With what’s going on today, with terrorist attacks around the world, the economic situation, the matzav in Eretz Yisrael, illnesses, accidents, etc. we need to daven to Hashem with all our hearts and souls. Let’s take a little more time. That’s the very least we can and must do. We are living in the period that is referred to as the footsteps of Moshiach…at this time our prayers are really critical. Let’s show we really want Moshiach to come and end this Galus.

Tefillah is important, as are chesed and tzedakah. I think we all need to take a long hard look in the mirror, examine our manner of prayer and make the necessary changes.

Thank you, May you continue your wonderful work for many years to come. If you print this letter, please leave out my name.

Letter #2

Dear Rebbetzin Jungreis:

I am what you would call a ba’alas teshuvah, someone who discovered Judaism late in life, and I must confess that you were in great measure responsible for the awakening of my soul. One of my close friends attended your Torah classes regularly and kept pressuring me to join her. For the longest time, I refused, telling her that religion was not my thing, but Thank G-d, she was relentless and never let go. One Chanukah she gave me your book and that opened my heart. So, I agreed to go to a class just once.

Well, that “once” changed my life forever, and I started to attend your classes regularly. I also met my husband at one of your Hineni sessions, but all that was many moons ago. Today, we are the happy parents of three adorable children with a fourth, B’Ezrat Hashem, on the way. We no longer live in Manhattan. Frankly, we can’t afford Manhattan rent and the cost of living in the city.

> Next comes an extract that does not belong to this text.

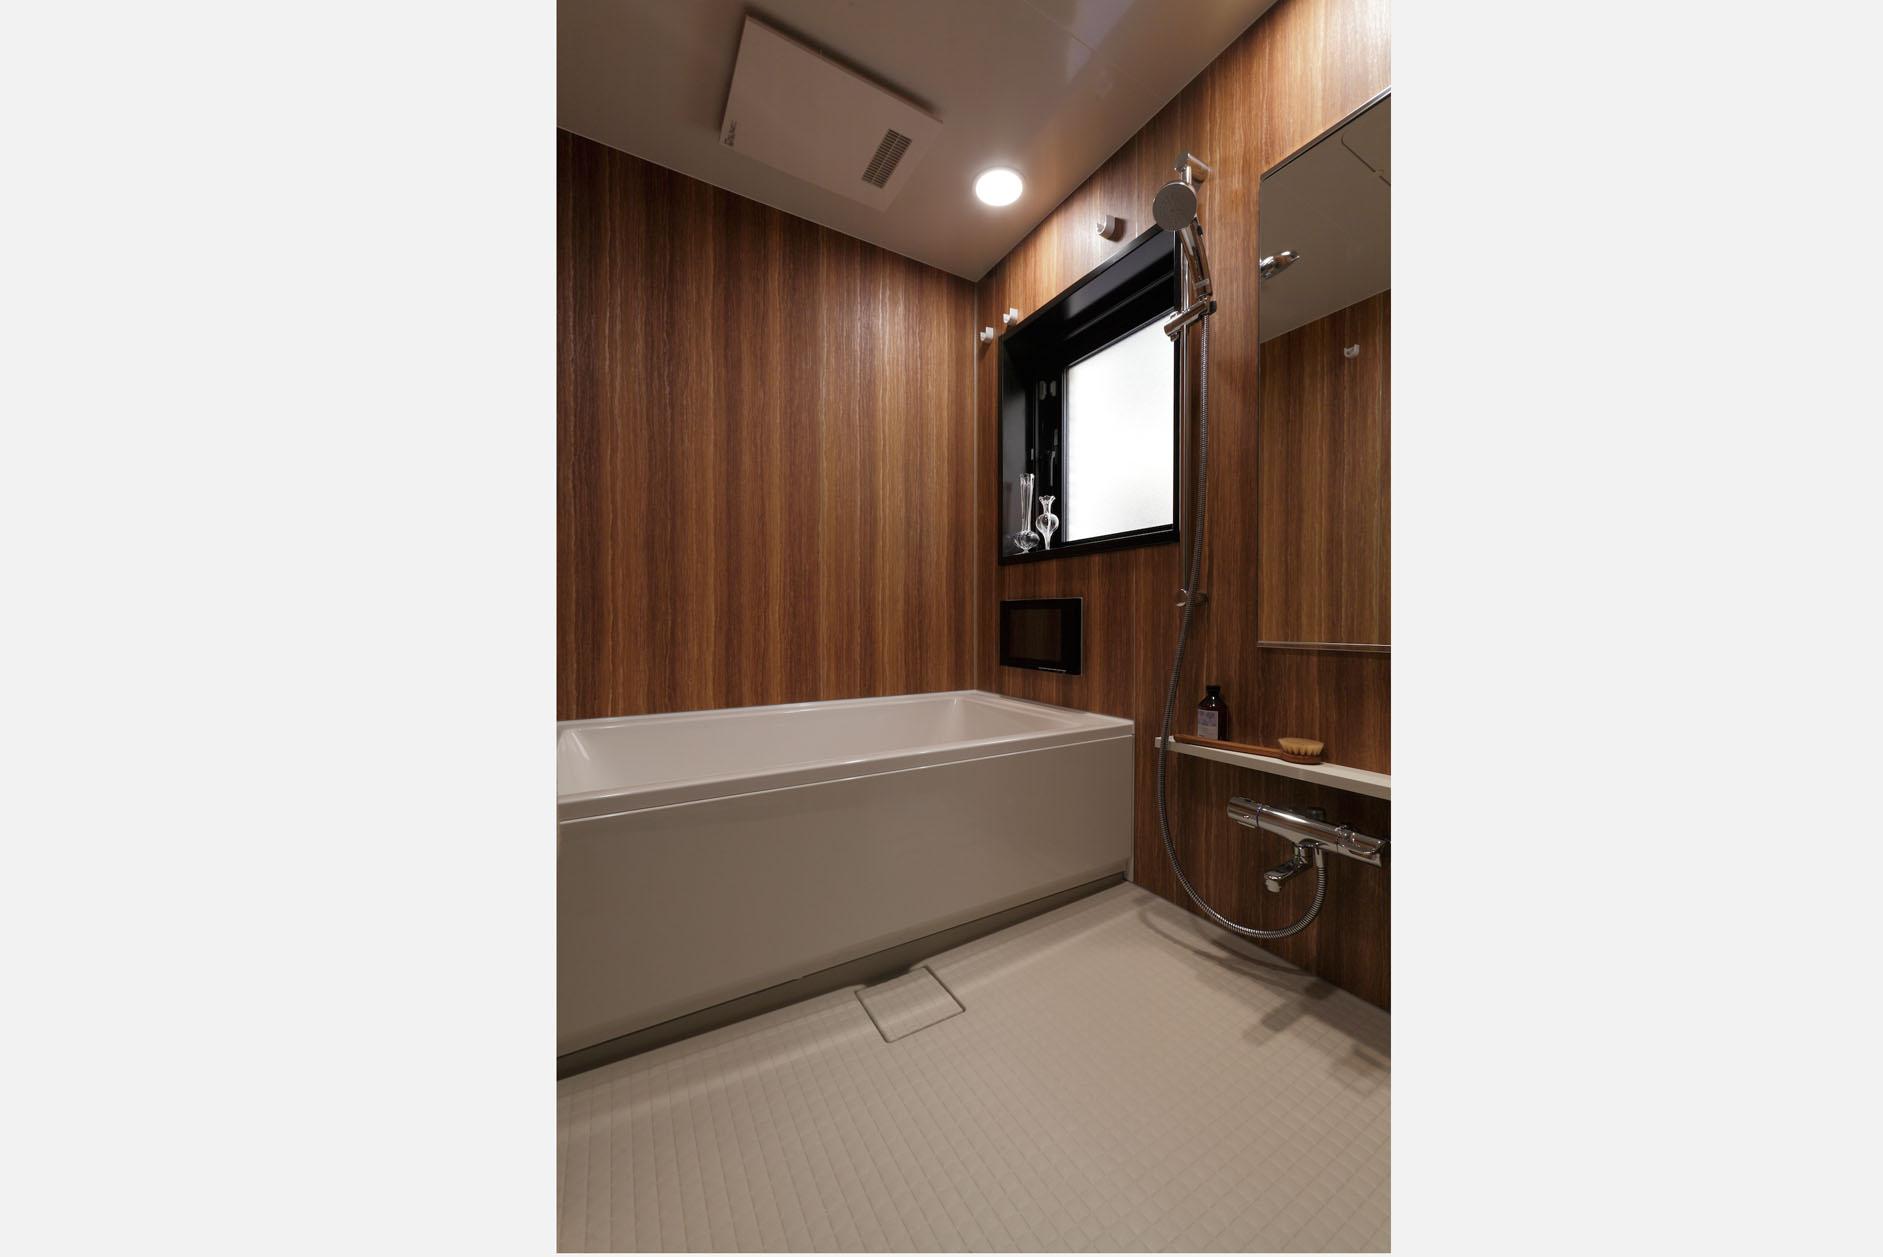 浴室/窓付きで明るく、高級感のある仕様。 イメージ

Certain things that you taught us in class never left me, and one of them was the importance of prayer. I try to go to shul every Shabbos morning. Obviously, I can’t get there at the beginning of the service, but I do arrive earlier than most of the women. However, before I can recite even the most important prayers (I can’t say the entire service since I do come late because of the children). I consulted our rabbi and he indicated which of the prayers are the most essential, so I try to concentrate on them, but even with that limited amount of prayer, I never keep up with the congregation or finish when they do.

The other women say whatever the congregation is saying when they arrive and never even attempt to recite the prayers that they missed. I think that one of the reasons for that may be that they don’t want to miss the Kiddush and social hour following the services.

Many times it occurred to me that I would be better off not going to shul, and davening quietly at home. But then I feel conflicted, because there are certain prayers than can only be recited in the presence of a minyan.

But I ask you Rebbetzin, in this terribly dangerous time, shouldn’t we daven with more feeling, emotion, and heart? Should we not take care to pronounce each and every word and concentrate on their meaning rather than gobble up the words and rush through everything so that we might get to the Kiddush quickly?

I feel as though I am a lone voice whistling in the wind. But I thought that if anyone could address this problem, it is you…. and may I mention one more troubling problem?

My husband who davens with a minyan every day told me that many of the men leave their cell phones on during the davening. Now, how can they do that? You would imagine that when they enter a shul, even though it is on a weekday, they would automatically turn off their cell phones That’s the very least they could do to show proper respect.

I might also add that I tried attending the “Beginner’s Service,” not only at my local shul, but in Manhattan as well, and I found these services totally uninspiring. It was more like attending a Hebrew school class than experiencing heartfelt prayer, which, I feel, prayer should be.

So please, do publish my letter and perhaps some of our people will re-think today’s davening process.